Айсман задумчиво сказал:

— Вы сам дьявол… Уж если я и крикну снова «хайль», то это будет «хайль Бауэр». Я обещаю вам сделать все, что в моих силах.

— Нет уж, «хайль Бауэр» вы, бога ради, не кричите. Лучше четко выполняйте то, что я задумываю. Я всегда вам говорил, что нацизм мне омерзителен.

4

— Дорогой Холтофф, у меня очень мало времени…

— У меня тоже в обрез, я весь в полнейшем разгоне, Айсман.

— Ну спасибо, что ты тем не менее заехал… Ты потом куда?

— В полицию. Берг не дает мне покоя с этими такси.

— А когда ты успеешь заехать на встречу со Штирлицем?

Холтофф откинулся на спинку кресла, как от удара. Рядом с Айсманом сидели два связника: Курт и Вальтер.

— Ты ему выложил о нас все? — так же спокойно и негромко продолжал Айсман.

— Я не понимаю… О чем ты?

— Не глупи. Часть ваших разговоров мы записали, а про то, что мы записать не смогли, ты скажешь сам. Ты знаешь, как мы умеем работать. Ты настоящий немецкий отец и дед и должен понимать, что если будешь молчать, то твоя семья сегодня же, а вернее, сейчас же будет вырезана… — Айсман закурил и повторил яростно: — Вырезана! Ну? Ты ему выложил все?

— Да, — ответил Холтофф.

— На чем он тебя взял?

— На прошлом… На Рунге. На Мюллере.

— Ладно. К этому мы потом вернемся, Холтофф, ты нам нужен на том посту, где сейчас стоишь. На твоем пути одна преграда — Штирлиц… Ты нам нужен на этом посту, несмотря на твое предательство, и ты останешься на этом посту, ибо так надо для дела. А остаться ты можешь, если сведешь Берга со Штирлицем.

— Как?

— Подумай. По нашим сведениям, Штирлиц не является гражданином ФРГ… Понимаешь?
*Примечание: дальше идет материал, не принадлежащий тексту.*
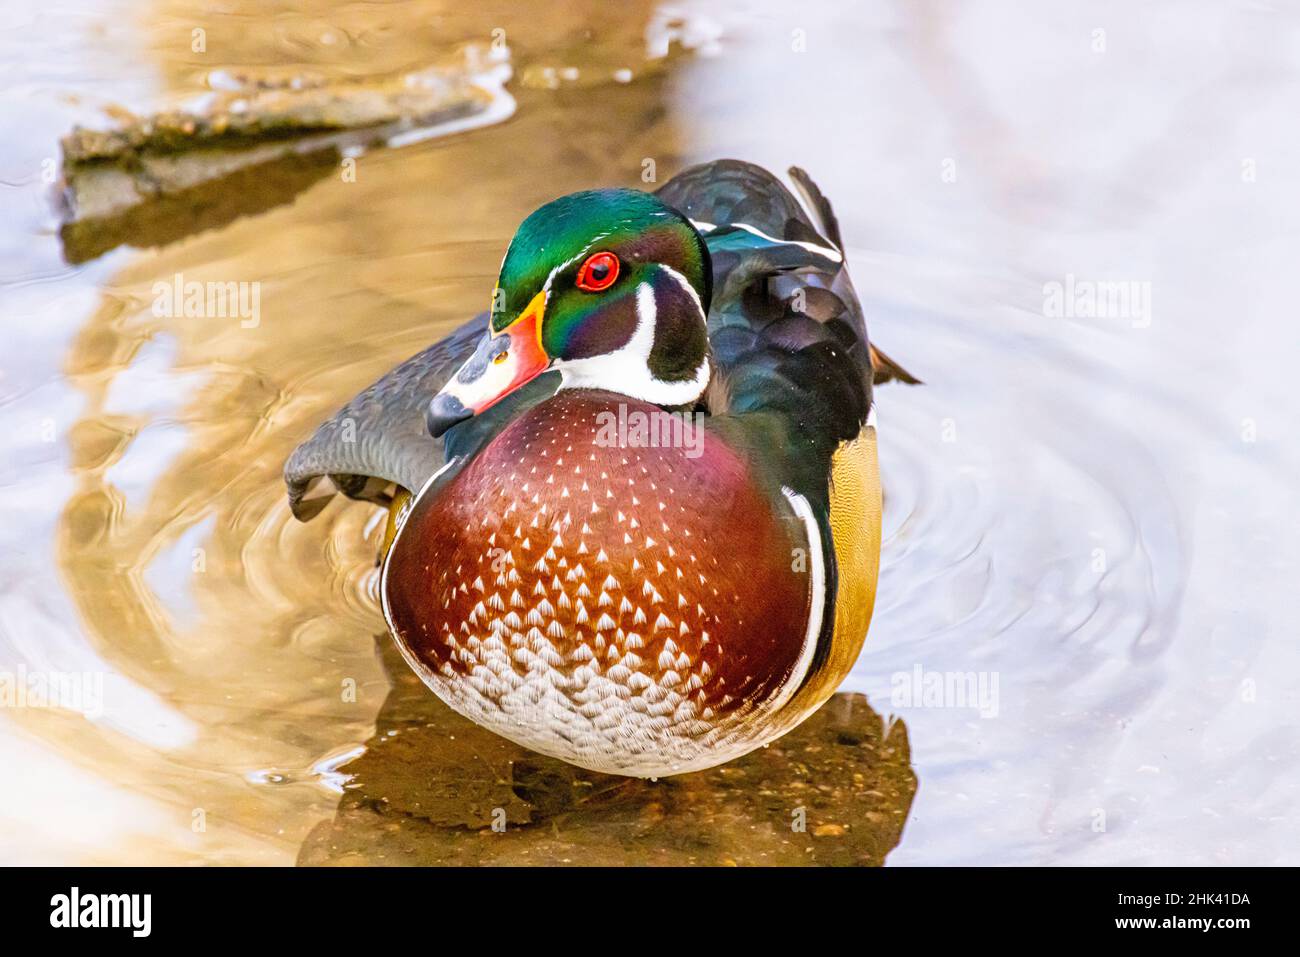 USA, Colorado, Fort Collins. Male American wood duck in water. Stock Photo
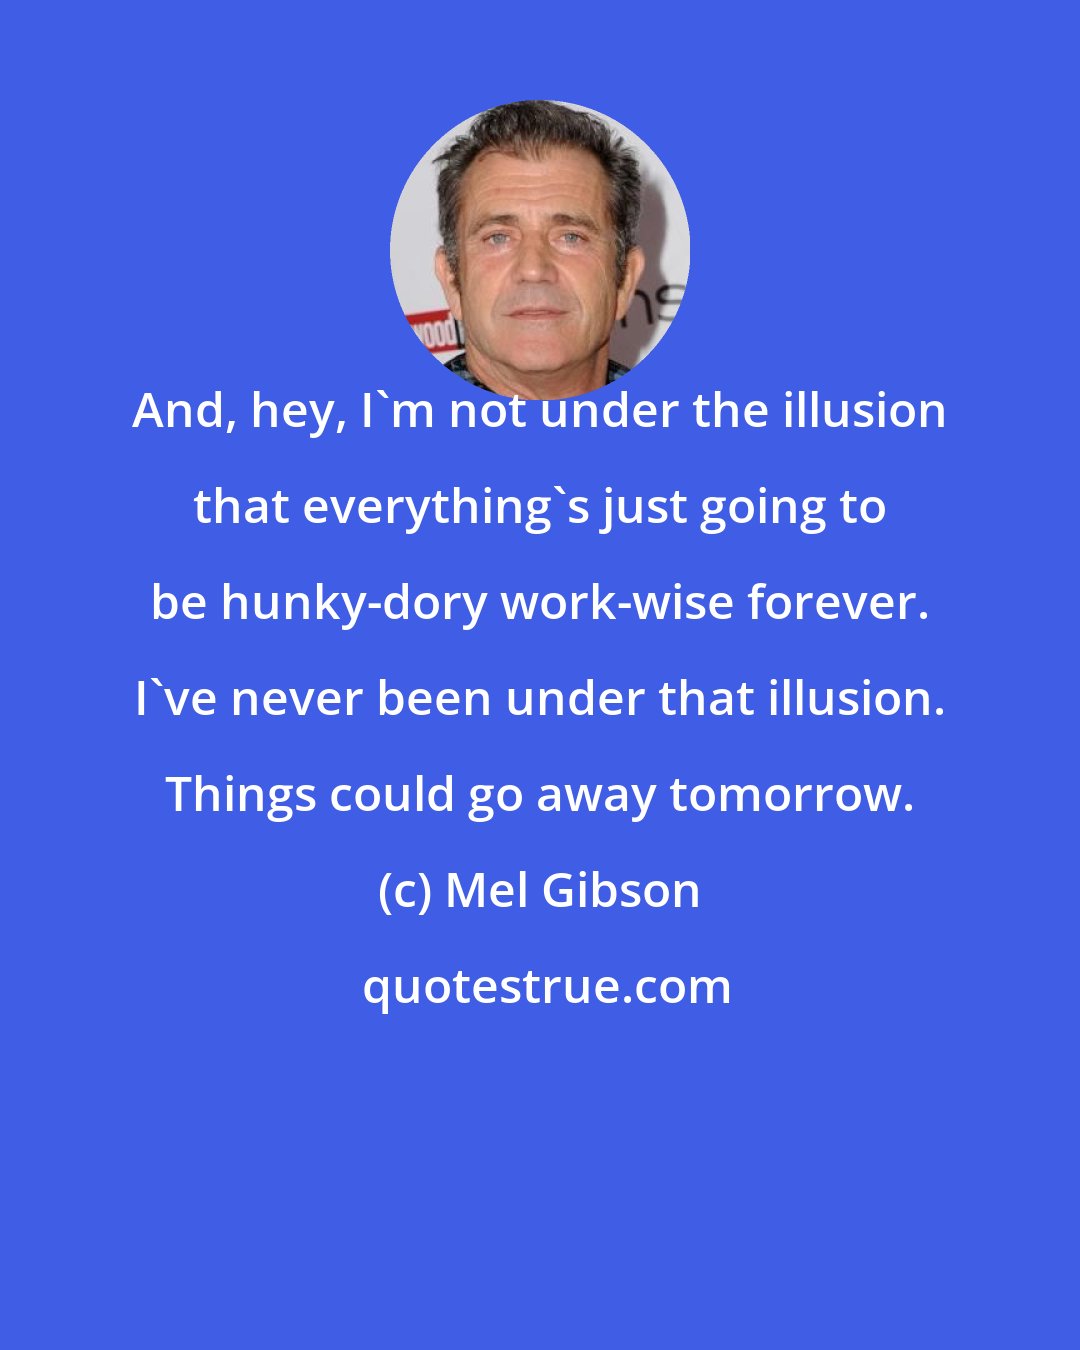 Mel Gibson: And, hey, I'm not under the illusion that everything's just going to be hunky-dory work-wise forever. I've never been under that illusion. Things could go away tomorrow.

— Я перестал вообще понимать что-либо, — тихо ответил Холтофф. — Лучше мне уйти, тогда хоть семья сохранится… Не будет позора…

— Поясняю: представь, что полиция берет агента иностранной державы у Берга… Понял? Кто поверит показаниям шпиона? Нация не поверит изменнику, если даже он немец, а уж иностранцу — тем более. Пусть он тогда говорит про тебя все что угодно. Шпиону веры нет.

— У тебя есть что-нибудь от сердца?

— Выпей холодной воды. Ты понял? Я играю с тобой в открытую, я говорю тебе то, чего не имел права говорить… Ты оступился, но ты был моим другом, и ты мой товарищ по партии…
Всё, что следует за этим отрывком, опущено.